CNN has also contacted Vice President Delcy Rodriguez, who is in charge of Venezuela’s finances, and is waiting for a response.

Both consultants estimated that inflation in Caracas is currently running between 20% and 30% a month and is destined to keep rising as long as the bolivar depreciation continues.

Prices are slightly cheaper outside the capital in regions such as Tachira or Zulia, closer to the Colombian border, where many imported products cross into Venezuela.

Faced with the economic malaise, the government has cracked down on the black market for US dollars. In June, Attorney General Tarek William Saab announced the detention of 58 people on charges of “manipulating exchange rates.” Authorities also seized a dozen web pages advertising the sale of dollars and euros at rates different from the official one by the central bank.

The moves have done little to stop the bolivar’s fall.

Several causes

Last month, the International Monetary Fund estimated Venezuela’s annual inflation at about 270%, the highest in the world and a sharp increase from the 180% rate it estimated in April.

For 2026, the outlook is even bleaker. The IMF forecasts Venezuela’s inflation to top 600% by next October.

The bolivar’s plunge can be partially explained by the US military’s show of force, as nervous Venezuelans seek to purchase hard currency as a hedge against an uncertain future. But that is only one of the causes, the consultants told CNN.

US sanctions against the Venezuelan oil sector, which is the nation’s largest source of foreign exchange by far, are also partially to blame.

In July, the Trump administration renegotiated a license authorizing Chevron, a major US oil company, to export Venezuelan crude. Under the new terms of the license, Chevron was authorized to pay fees and royalties to Venezuela in oil but not in cash, effectively reducing Chevron’s crude exports from the country by half, according to Reuters.

CNN contacted Chevron for comment but has not received a response.

The change has proved costly because Venezuela lost one of its few remaining sources of legitimate income.
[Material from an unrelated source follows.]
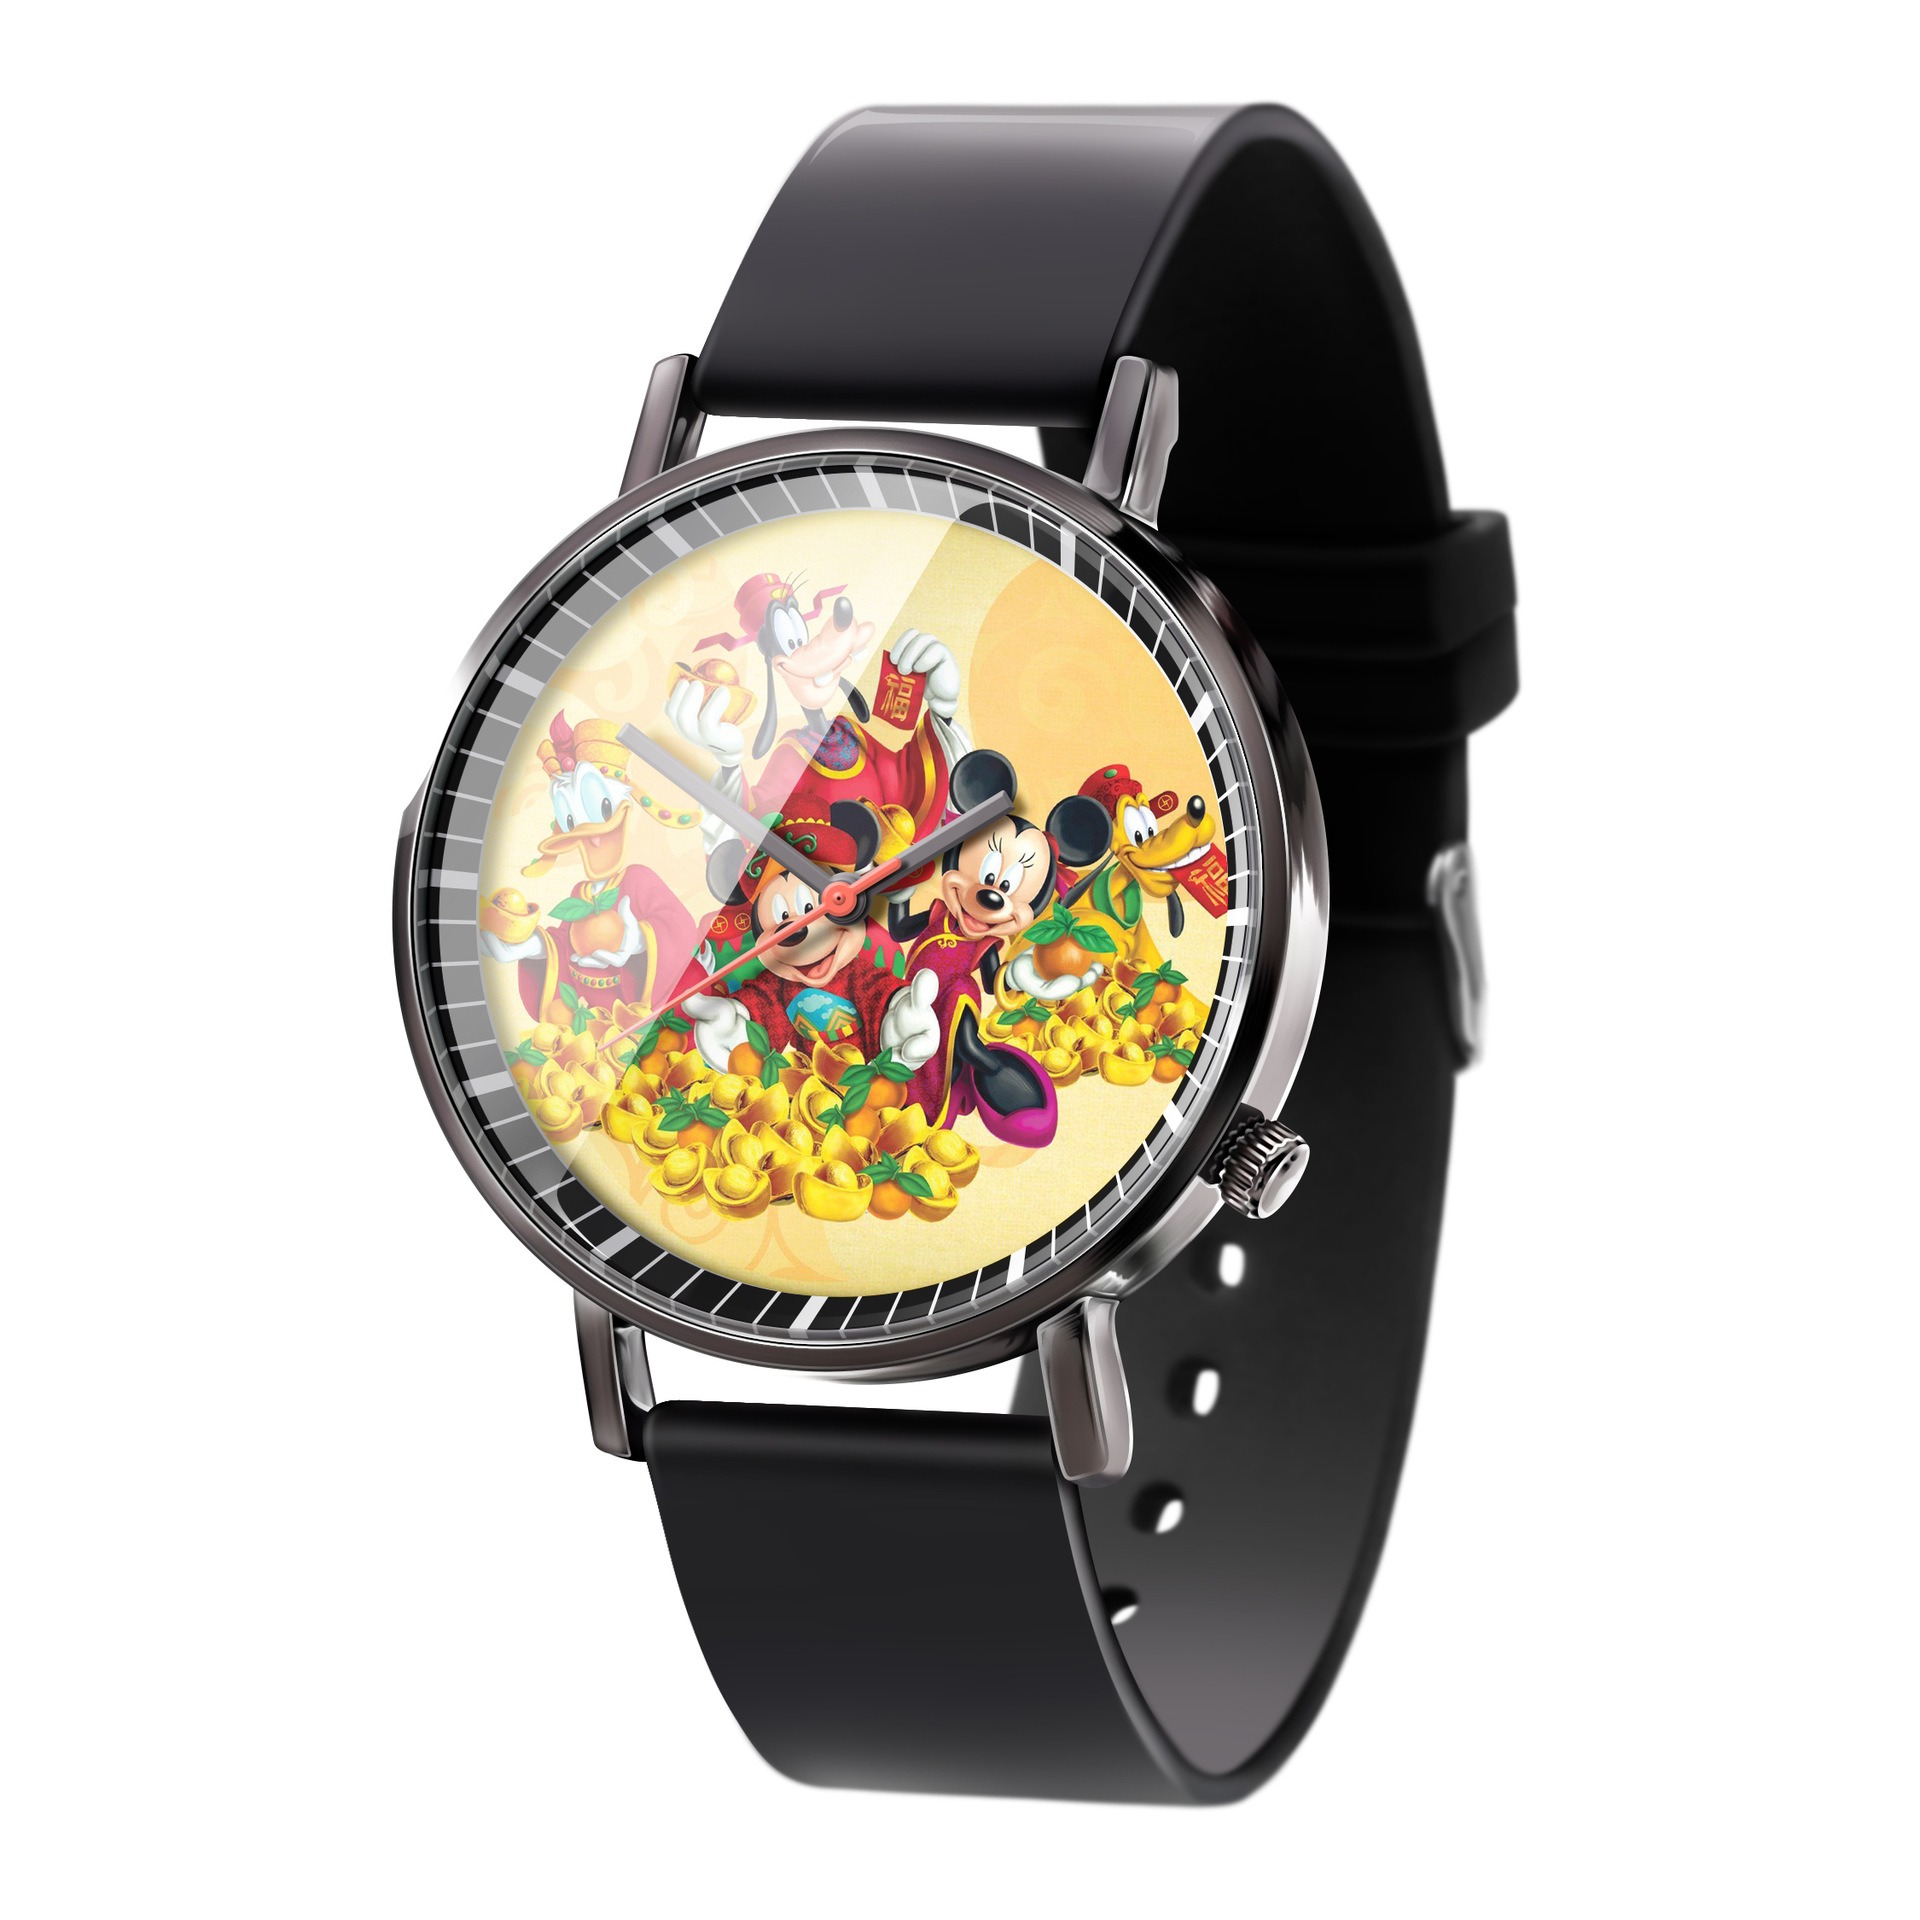 Disney anime quartz watch

As a result, the government is now forced to sell even more oil on the black market at a discount to evade US government sanctions, one of the economists in Caracas told CNN.

The future is crypto

To make up for the missing income, the government recently allowed private companies to sell cryptocurrencies in exchange for the depreciated bolivar, with exchange houses openly supported by a new crypto-managing regulator, the National Superintendence of Crypto Assets, known as Sunacrip.
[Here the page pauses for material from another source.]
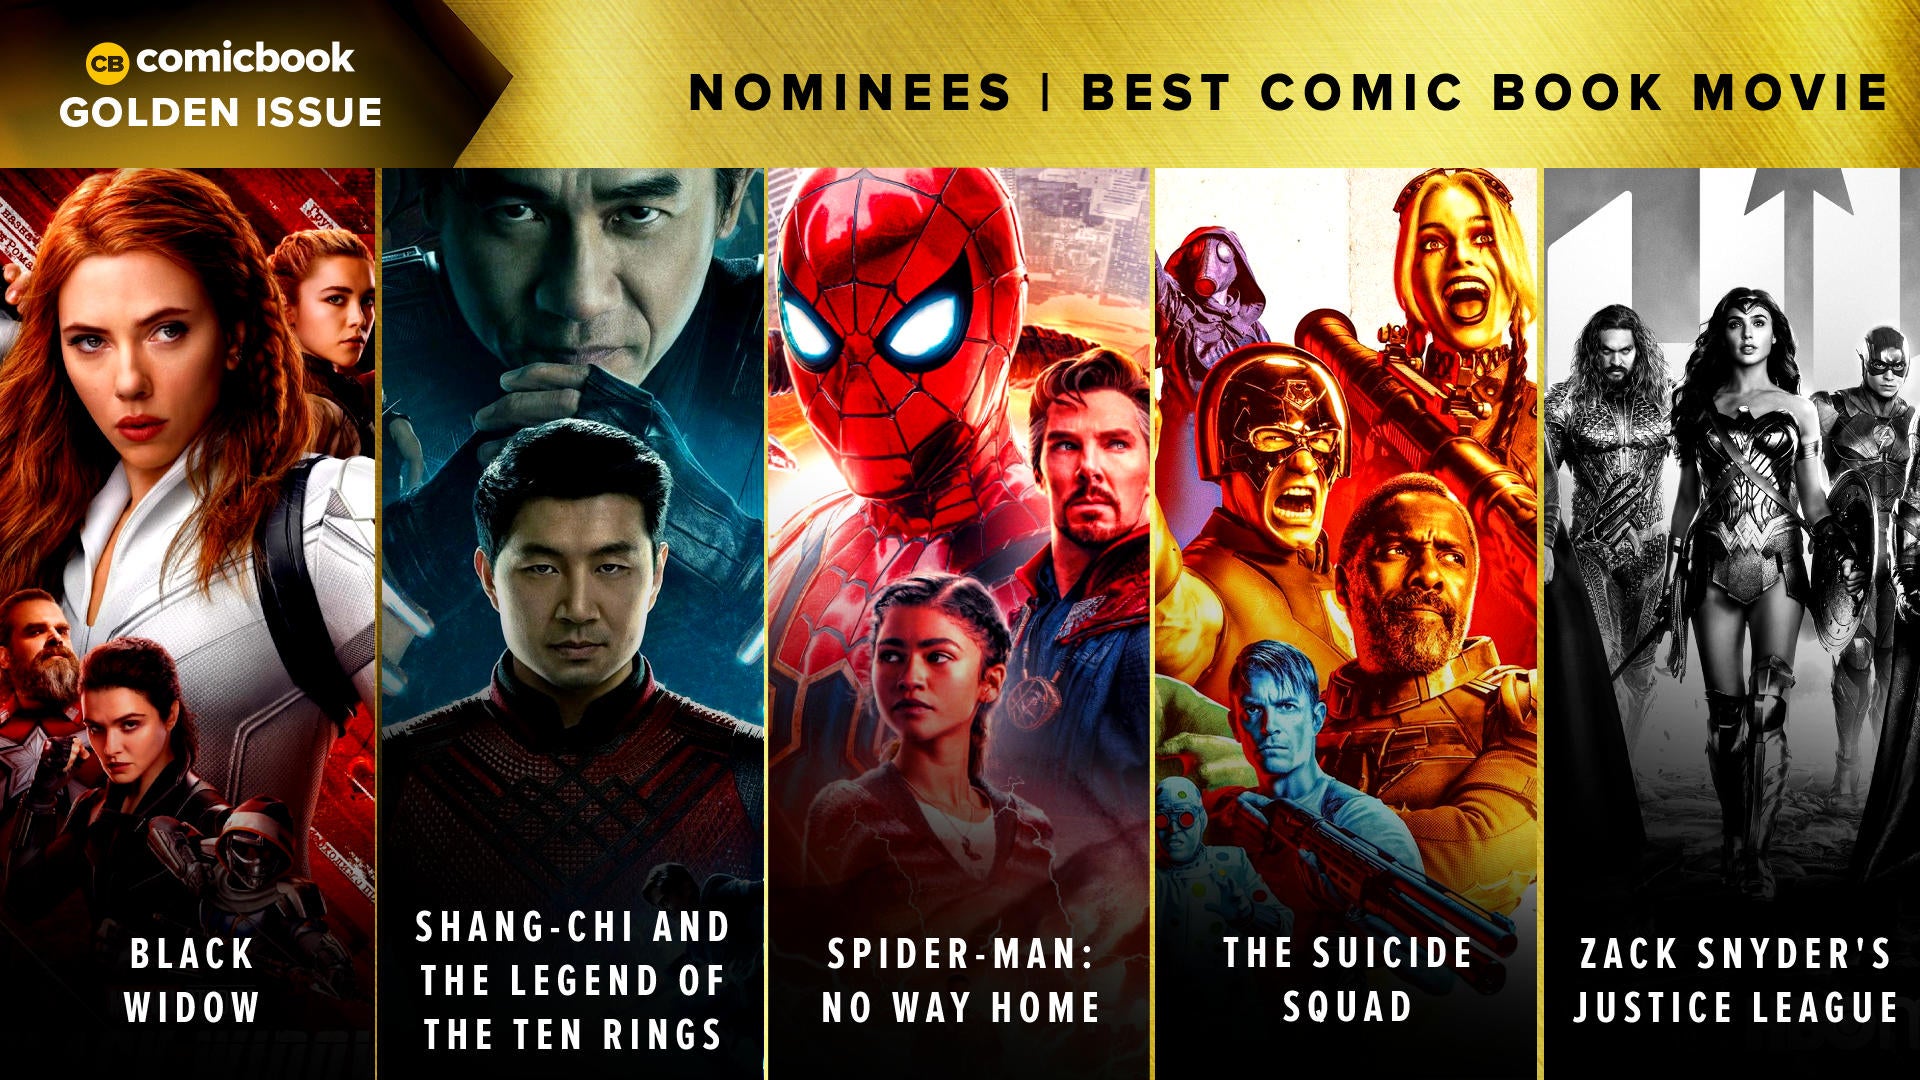 golden-issues-2021-nominees-best-comic-book-movie.jpg

Last year, Reuters reported that the government was preparing to increase usage of crypto assets in its oil exports to overcome the US sanctions. According to the specialized data collector Chainanalysis, Venezuela is second only to Brazil for crypto adoption rates in Latin America.
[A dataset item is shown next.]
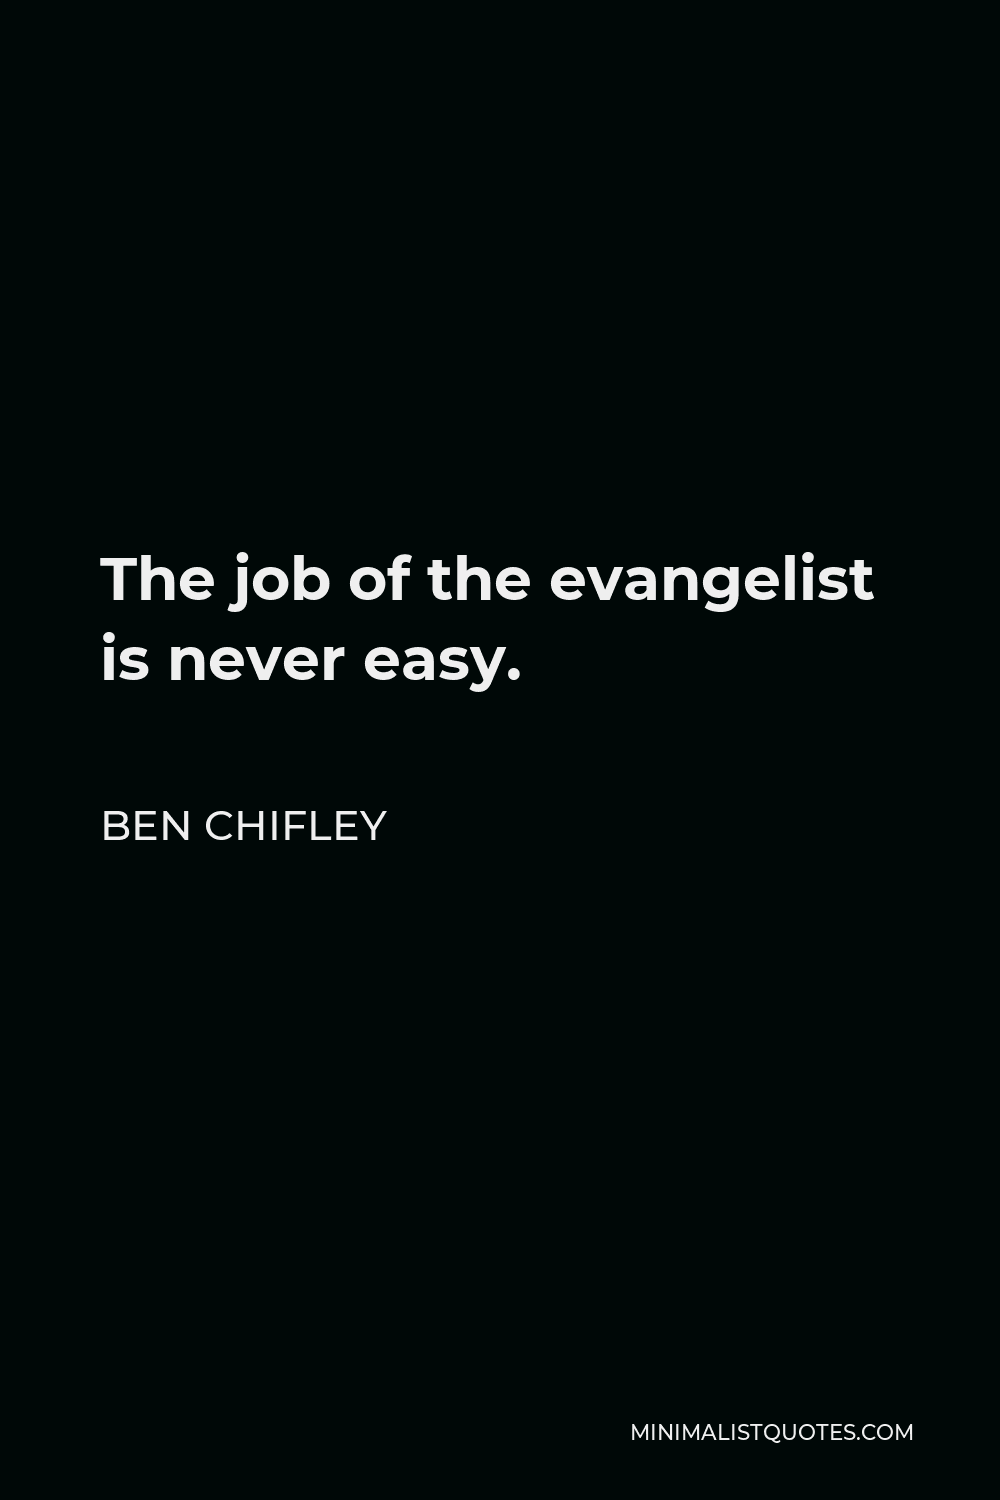 Ben Chifley Quote - The job of the evangelist is never easy.

Today, thousands of Venezuelans – from corporate bankers to retirees – regularly purchase US dollars on Binance, the world’s largest crypto exchange. It is even common to see shoppers at grocery stores trading currencies in the checkout lines.

Not everyone has embraced the new normal. “Sending money to Venezuela has always been a mess,” said Mejias, the architect in Colombia. “Now it’s even more confusing to understand what rate is good and what is not, and for old people like my parents, even more.”